プレイ時間が延び、ゲームに深く慣れた者ほど没入感を途中で区切る事を嫌がり、プレイ中はリアルでの連絡を避けたがる事も原因だ。


メールを呼んだ誠司は渋々意識を半分だけ現実に戻し、枕元に置いてある携帯を見た。

そこには殆ど同じ文面のメールが届いている。

これでゲーム中のメールが間違いではない事と、PKプレイヤーキラーが送って来た偽装メールでない事を確認した誠司はゲームの中に戻り、迎えに行く旨をメールで返信すると、街の人に話を聞きながら南門へと向かった。


南門に到着したツカサが目にしたのは1組の中規模なキャラバンが荷物検査を受けている所であり、辺りを見回すと探し人は簡単に見つかる。


『すごーい!』

『兄ちゃん、もっと見せて!!』

「よっしゃ任せろ!」


子供達の輪の中で金髪を肩まで伸ばした細身の男がボールジャグリングを見せていた。

体験版で何度も一緒に遊んだジュンで間違いない。

少しだけ近付くと、ジュンはツカサに気が付くが、子供の相手を優先してボールを1つ増やした。

その姿を見てツカサは軽く微笑む。

好きにやれと許可を受けたジュンも自然と顔が綻び、どんどん速度を上げて行く。

子供の空間に大人が入るのは気が引けるのか、彼と同じように輪の少し外から見守る大人も多い。

それからもう少しだけ芸を見せると、ジュンのボールジャグリングはお開きとなった。

子供達がもっと見せてとせがんでいるが、家族と思われる人達に手を引かれてキャラバンへと帰って行く。

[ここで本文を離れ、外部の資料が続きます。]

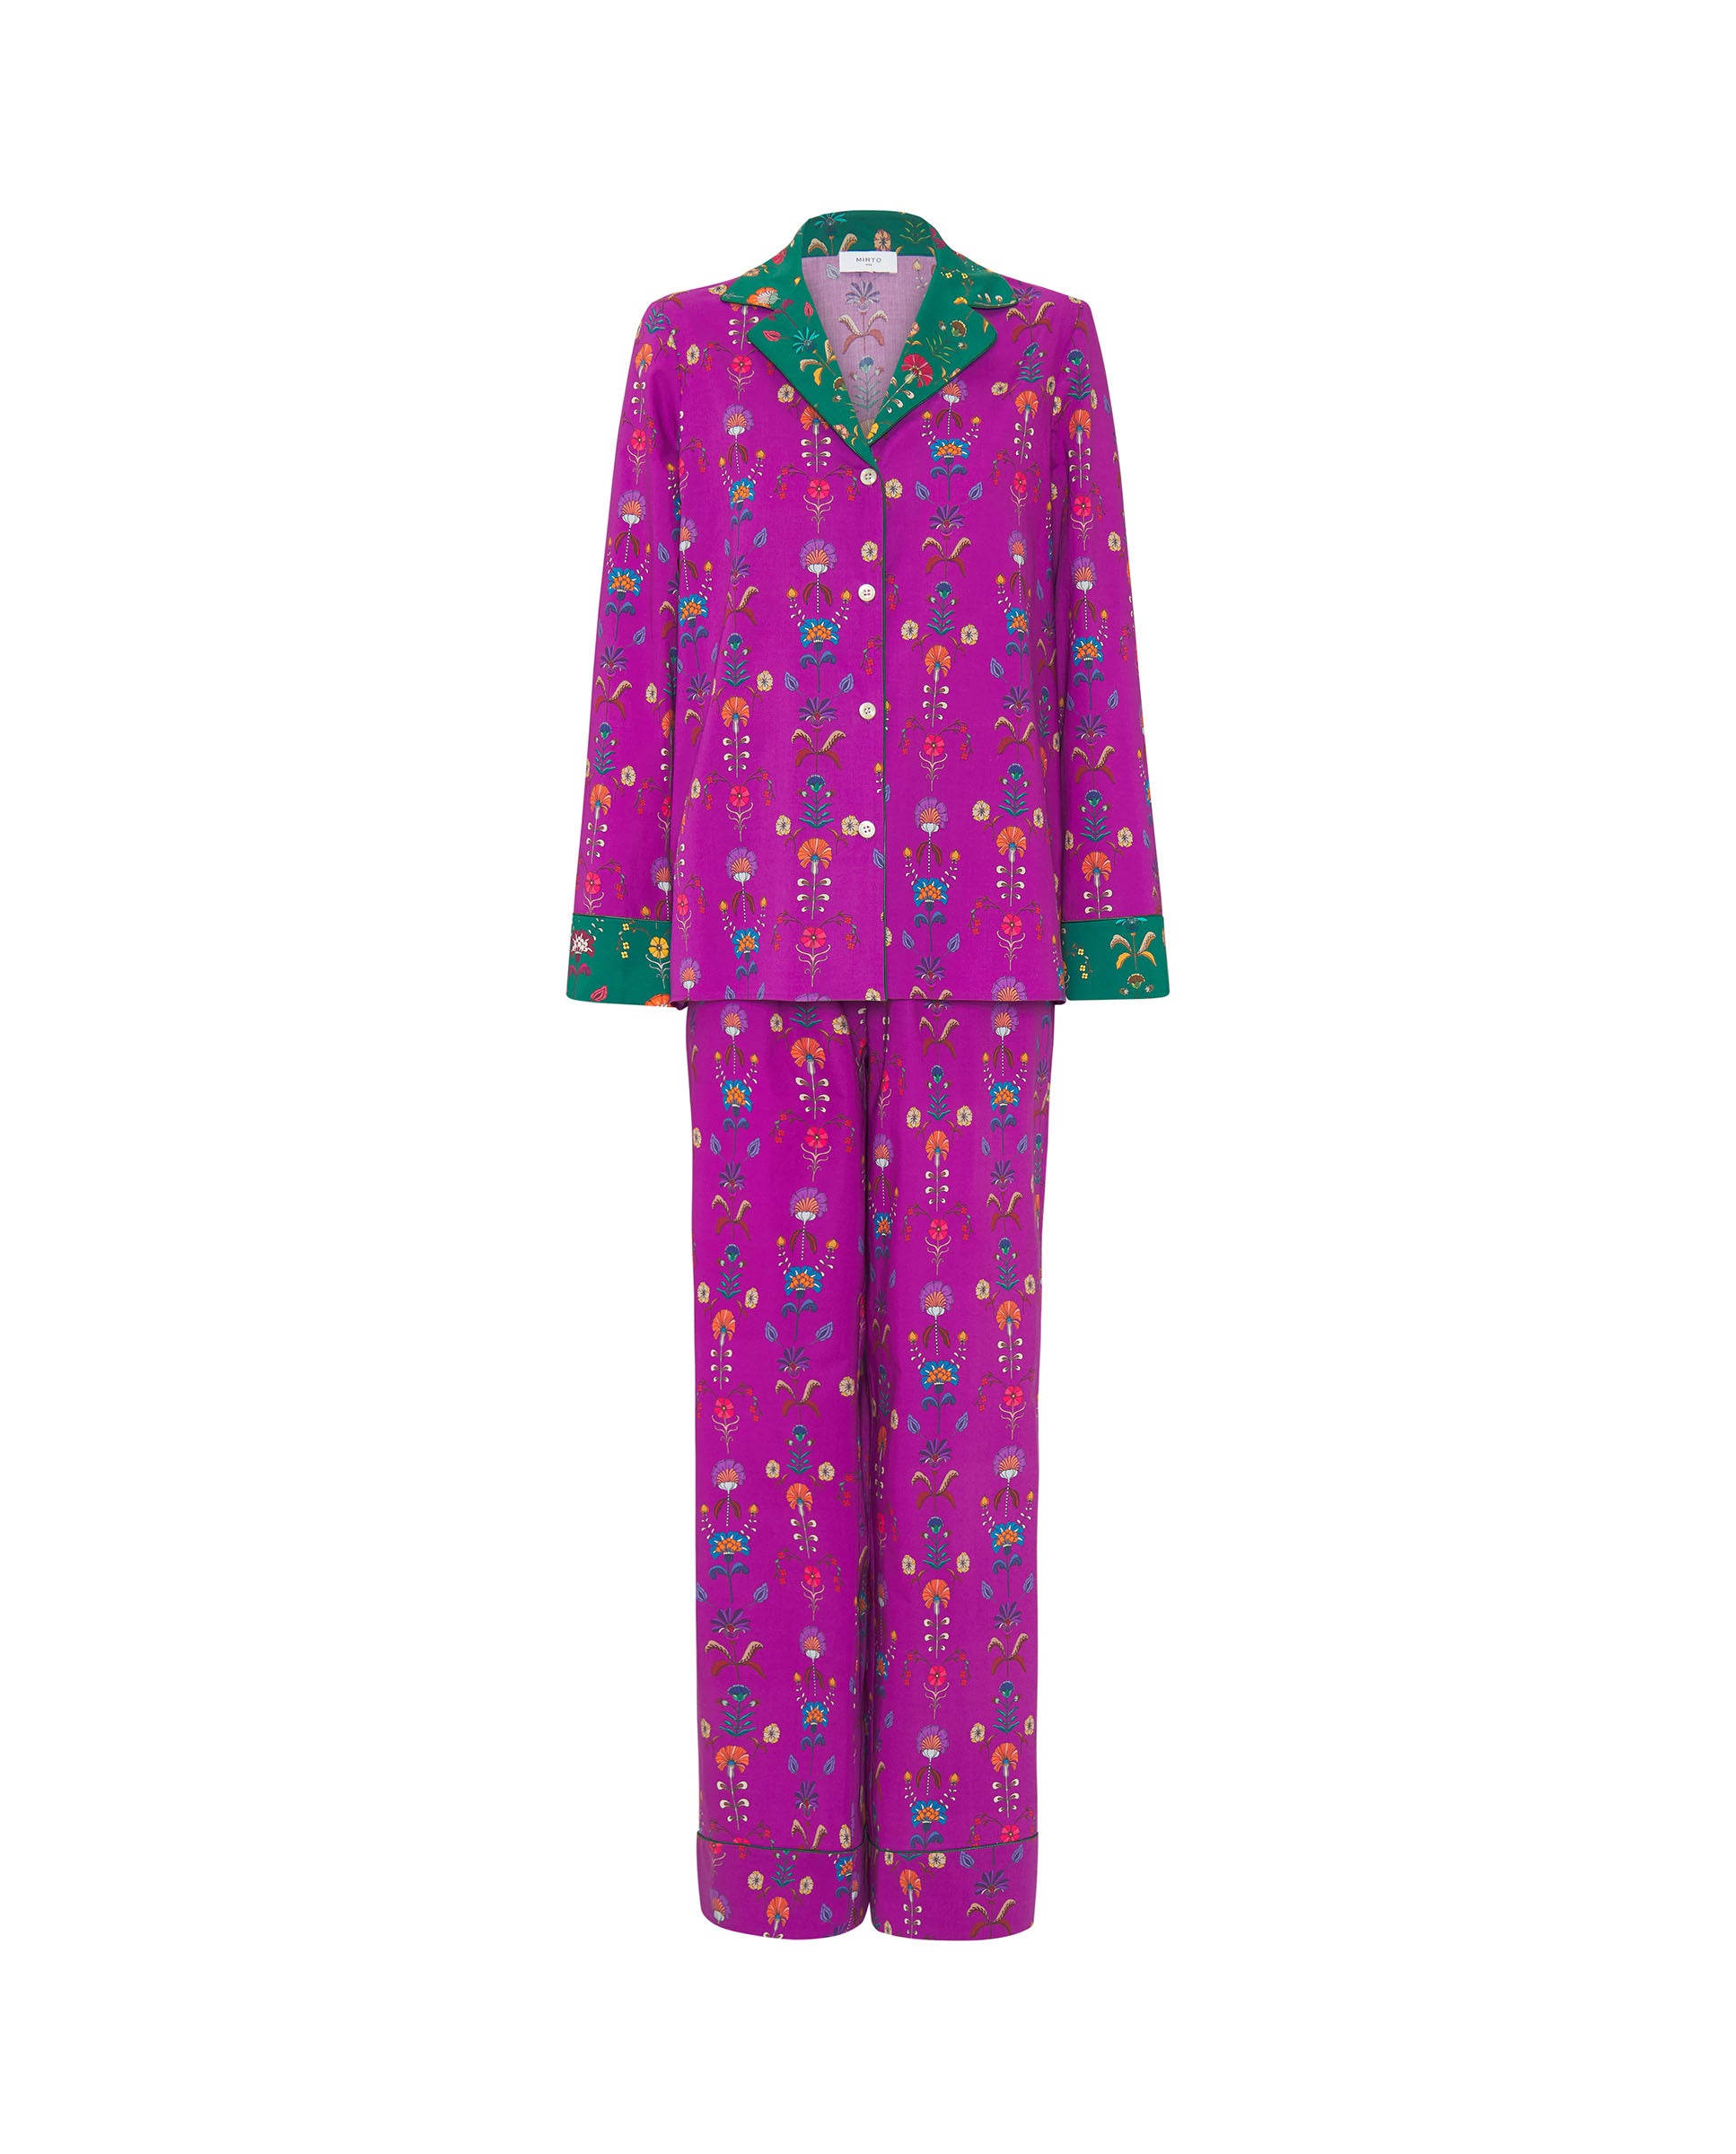 Pijama algodón estampado floral morado by MIRTO

ジュンはキャラバンの責任者と思われる人と何かを話しており、最後に固い握手を交わすと、責任者の人はキャラバンへと帰って行った。

子供達が泣きながら手を振っているのが微笑ましい。

ジュンもそれに手を振り返して、キャラバンが街の奥へと入って行くと、手を下げてこちらを見る。


「すまねえ、待たせたな。」


「気にすんなって。そっちはもう良いのか?」


ジュンがツカサへと振り返り、笑いながら謝ると、ツカサもそう笑い返し、もう移動しても大丈夫なのかを確認した。


「ああ、無事に通行出来たよ。むしろ礼を言われたぐらいさ。そっちは後で話すとして、拠点探しと行きますか。ほれ、とりあえずPT申請を受け取れ。」


ジュンがそう言うと、メニュー画面を操作してツカサをPTへと招待する。

ツカサはそれを受諾すると、2人は街の不動産へ向けて歩き出した。



設定の様な物

・制限年齢23歳以上

・ゲーム内時間は、現実時間1時間に付き2時間進む。

 現実時間の09:00~10:00はゲーム内時間だと09:00~11:00となる。